Cloud server providers often advertise their instances as having a number of “vCPUs”, short for virtual CPU. What performance can you expect from this compared to a normal CPU?
The difference between cores and threads
It is important to understand the distinction between a processing thread and a processor core. The processors will have a defined number of cores which manage the execution of the programs. But even very intensive tasks don’t use 100% of the CPU all the time; programs often have to wait for memory reads from the L3 cache, RAM and disks, and will often go to sleep while waiting for the data to arrive. During this time, the processor core is inactive.
The solution to this problem is called “hyperthreading” or “simultaneous multithreading”. Rather than running one set of tasks at a time, the processor is able to handle multiple threads. Currently, almost all high-end processors from Intel or AMD support two threads per core.
Depending on the application, hyperthreading can give a theoretical acceleration of 100%, if the two threads are waiting for memory readings and are not in conflict with each other. In most cases, hyperthreading gives a speed gain of around 30% compared to the absence of hyperthreading. In some cases, however, when two threads are 100% pinned and running on the same core, it can cause slowdowns as they fight for processor resources.
What makes a vCPU?
VCPUs are roughly comparable to a single processing thread, but this is not exactly a fair comparison.
Suppose you rent a c5.large instance of AWS with 2 vCPUs. Your application will run with many others on a large server. You can actually rent the whole server with one AWS Bare Metal example, which gives you direct access to the processor. If you rent something smaller than this, your access is managed through the AWS Nitro.
Nitro is a hypervisor, which manages the creation and management of virtual machines running on the server itself. This is why you are renting a “virtual server” and not a rack in a data center. Nitro is what makes EC2 work; it is powered in part by dedicated hardware, so the slowdown in execution in a virtualized environment should be minimal.
Nitro decides which threads to assign your virtual machine to based on the processing power required, much like a task scheduler in a normal office environment. With 2 virtual processors, the worst case is that your application runs on a single core and receives the two threads from this core. If you really maximize your instance, your threads can conflict and cause minor slowdowns. It’s hard to say exactly how the AWS hypervisor works, but it’s probably safe to assume that this scenario is largely mitigated with good thread handling from Nitro.
So, overall, you can probably expect performance comparable to a normal CPU thread, if not a little better. The distinction doesn’t matter much anyway, as most EC2 instances will ship with multiples of 2 vCPUs. Remember that a 4 vCPU instance is not a 4-core server – it really emulates a 2-core server, running 4 processing threads.

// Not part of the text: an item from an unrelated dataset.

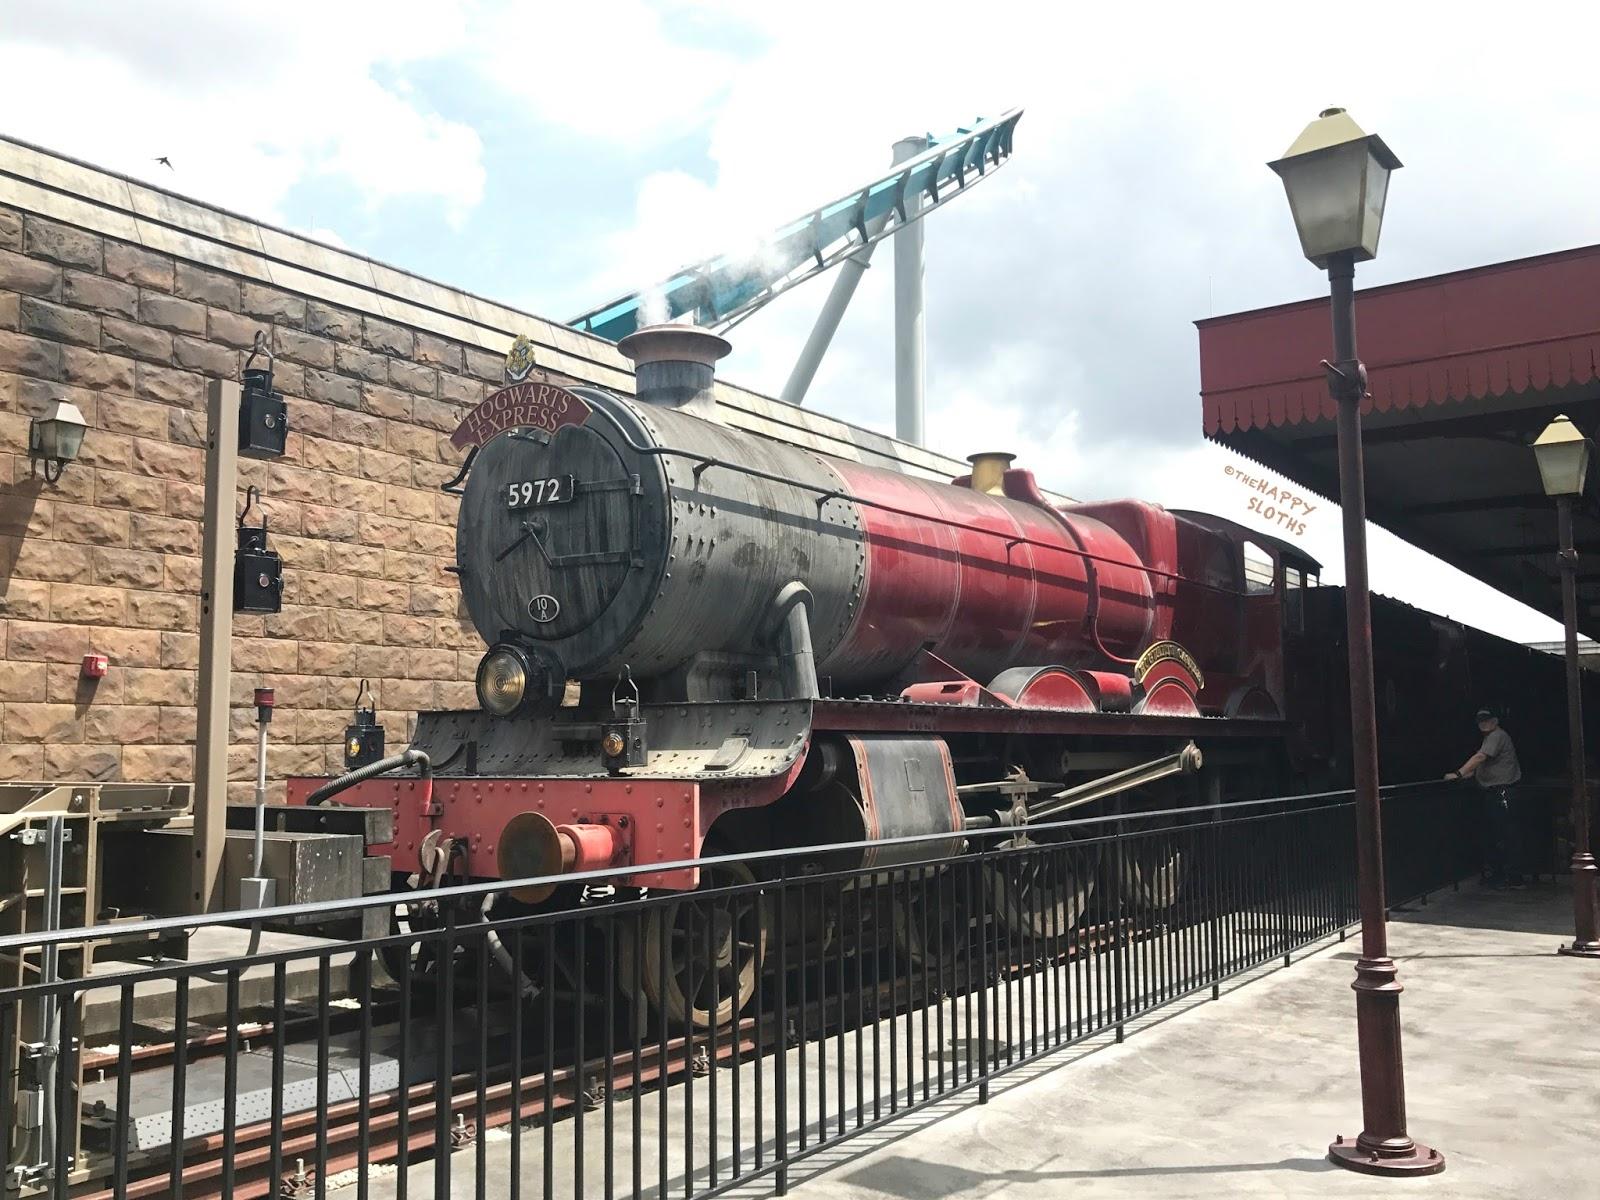 Universal Studios Wizarding World Harry Potter Iron-On Patch Hogwarts Railways

The processing speed of vCPU will depend more on the actual hardware it is running on. Most server processors will be Intel Xeons, as they make up the majority of the market. Low end servers can run older hardware which is a bit dated by today’s standards. AWS T3a instances use AMD EPYC processors with a high number of cores, operate a little slower, but cost less because the hardware is much cheaper by heart.
AWS T2 and T3 instances are “burstable”, which is best suited for applications that don’t need to be running 100% all the time.
For example, the t3.micro instance has 2 vCPUs, but its base speed is 10% of a normal vCPU. In reality, the t3.micro really only has 0.2 vCPU, which is actually the way Google Cloud Platform announces its f1-micro instances.
But the t3.micro is not only 90% slower overall; it is okay to burst beyond basic speed for short periods of time, much like running the turbo frequency on a regular computer. Except that the limiting factor here is not thermal, but how much you are willing to pay.
For each hour the instance runs below base speed, you accumulate CPU credits, which are used to burst the instance for one minute. The t3.micro instance in particular accumulates 6 CPU credits per hour which it rotates below the basic speed. But when processing power is needed, CPU credits are consumed to exceed base speed.
This is well suited for microservice-based applications, which must respond to requests when they occur, but remain inactive until the next user requests something. The services that have to crunch the numbers all the time are better suited to traditional servers.
This allows AWS to run more T2 instances per server than the server would normally be able to do, which saves costs. For example, each rack in their data center can contain a 48-core system with 96 processing threads. This could be used for 96 vCPUs of C5 instances, but T2 instances are able to share cores and operate at less than 20% of base base speed, so AWS can run more of them from the same server.